Preparing to model the data: Overfitting and Underfitting
Usually, the accuracy of the provisional model is not as high on the test set as it is on the training set, often because the provisional model is overfitting on the training set.
There is an eternal tension in model building between model complexity (resulting in high accuracy on the training set) and generalizability to the test and validation sets. Increasing the complexity of the model in order to increase the accuracy on the training set eventually and inevitably leads to a degradation in the generalizability of the provisional model to the test set.
The provisional model begins to grow in complexity from the null model (with little or no complexity), the error rates on both the training set and the test set fall. As the model complexity increases, the error rate on the training set continues to fall in a monotone manner. However, as the model complexity increases, the test set error rate soon begins to flatten out and increase because the provisional model has memorized the training set rather than leaving room for generalizing to unseen data.
The point where the minimal error rate on the test set is encountered is the optimal level of model complexity. Complexity greater than this is considered to be overfitting; complexity less than this is considered to be underfitting.
Over time, as the algorithm learns, the error for the model on the training data goes down and so does the error on the test dataset. If we train for too long, the performance on the training dataset may continue to decrease because the model is overfitting and learning the irrelevant detail and noise in the training dataset. At the same time the error for the test set starts to rise again as the model’s ability to generalize decreases.
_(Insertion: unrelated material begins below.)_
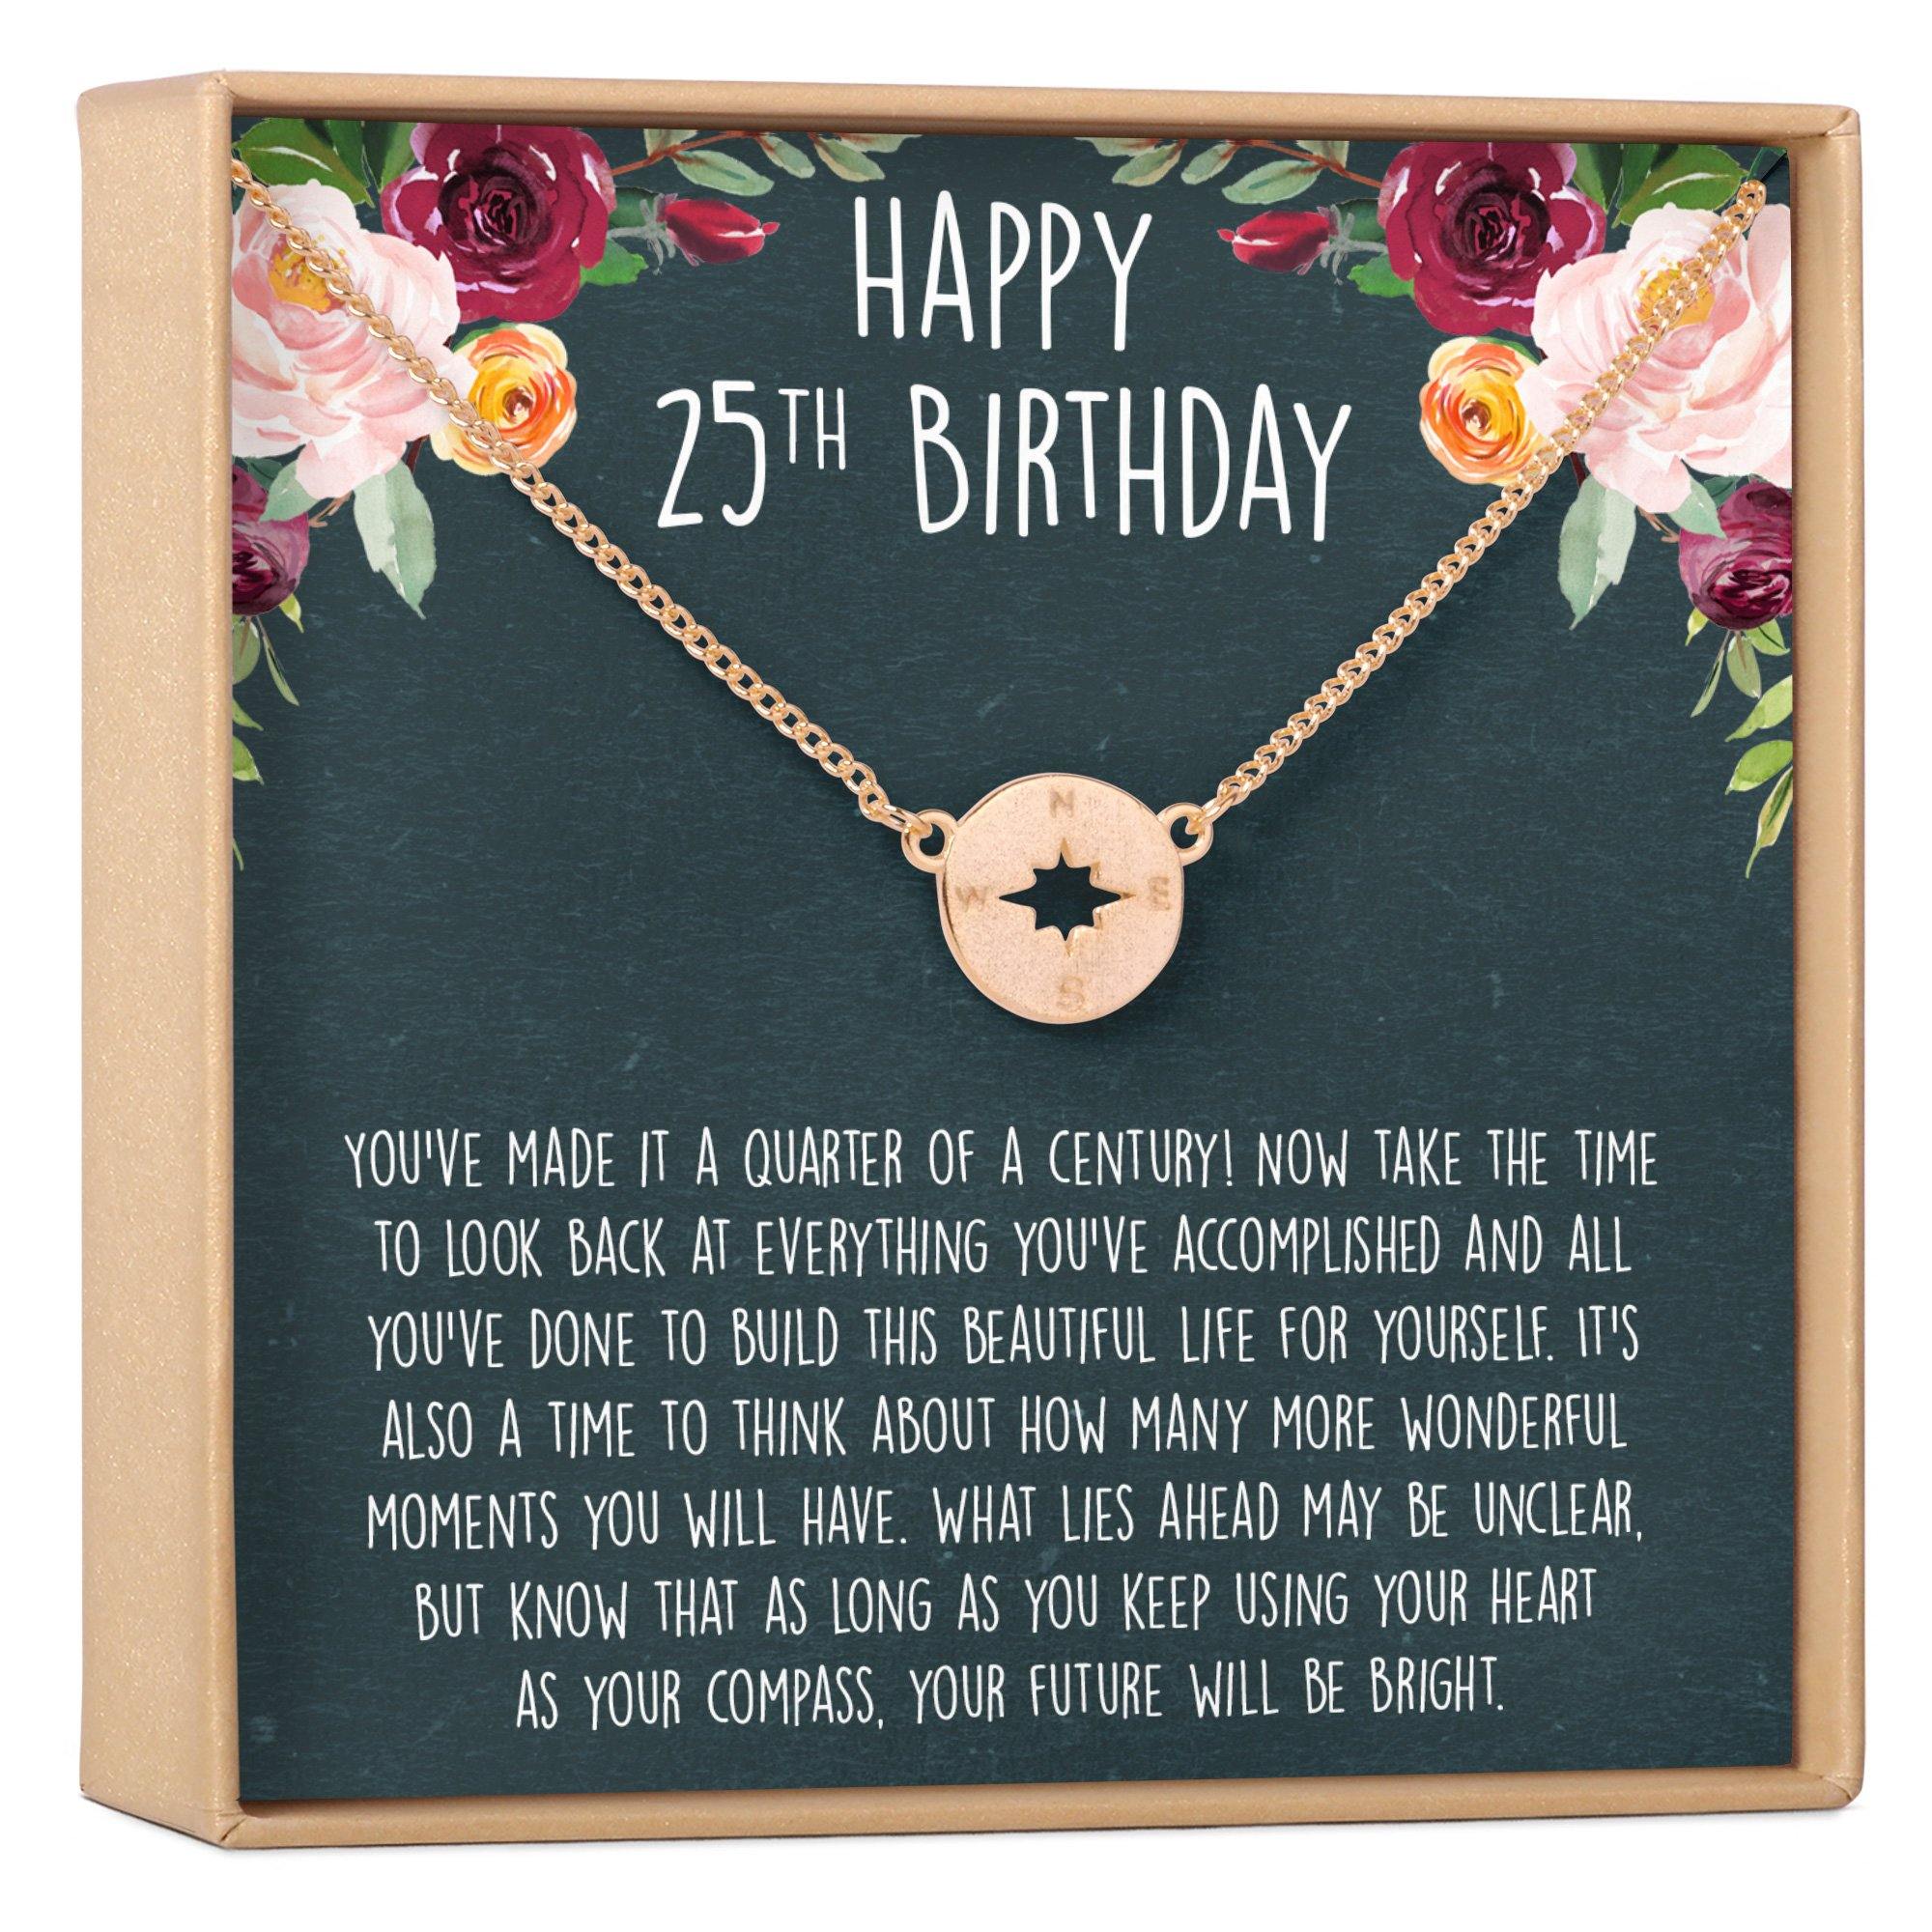 25th birthday message

Overfitting occurs when a model is excessively complex, such as having too many parameters relative to the number of observations. A model that has been overfit has poor predictive performance, as it overreacts to minor fluctuations in the training data and it describes random error or noise instead of the underlying relationship.
Underfitting occurs when a statistical model or machine learning algorithm cannot capture the underlying trend of the data. Underfitting would occur, for example, when fitting a linear model to non-linear data. Such a model would have poor predictive performance.
Overfitting in Regression Analysis
In regression analysis, overfitting a model is a real problem. An overfit model can cause the regression coefficients, p-values, and R-squared to be misleading.
Overfitting a regression model occurs when you attempt to estimate too many parameters from a sample that is too small. Regression analysis uses one sample to estimate the values of the coefficients for all of the terms in the equation.
Larger sample sizes allow you to specify more complex models. For trustworthy results, your sample size must be large enough to support the level of complexity that is required by your research question. If your sample size isn’t large enough, you won’t be able to fit a model that adequately approximates the true model for your response variable. You won’t be able to trust the results.
You must have a sufficient number of observations for each term in a regression model. Simulation studies show that a good rule of thumb is to have 10-15 observations per term in multiple linear regression. However, if the effect size is small or there is high multicollinearity, you may need more observations per term.
Overfitting is more likely with nonparametric and nonlinear models that have more flexibility when learning a target function. As such, many nonparametric machine learning algorithms also include parameters or techniques to limit and constrain how much detail the model learns.
For example, decision trees are a nonparametric machine learning algorithm that is very flexible and is subject to overfitting training data. This problem can be addressed by pruning a tree after it has learned in order to remove some of the detail it has picked up.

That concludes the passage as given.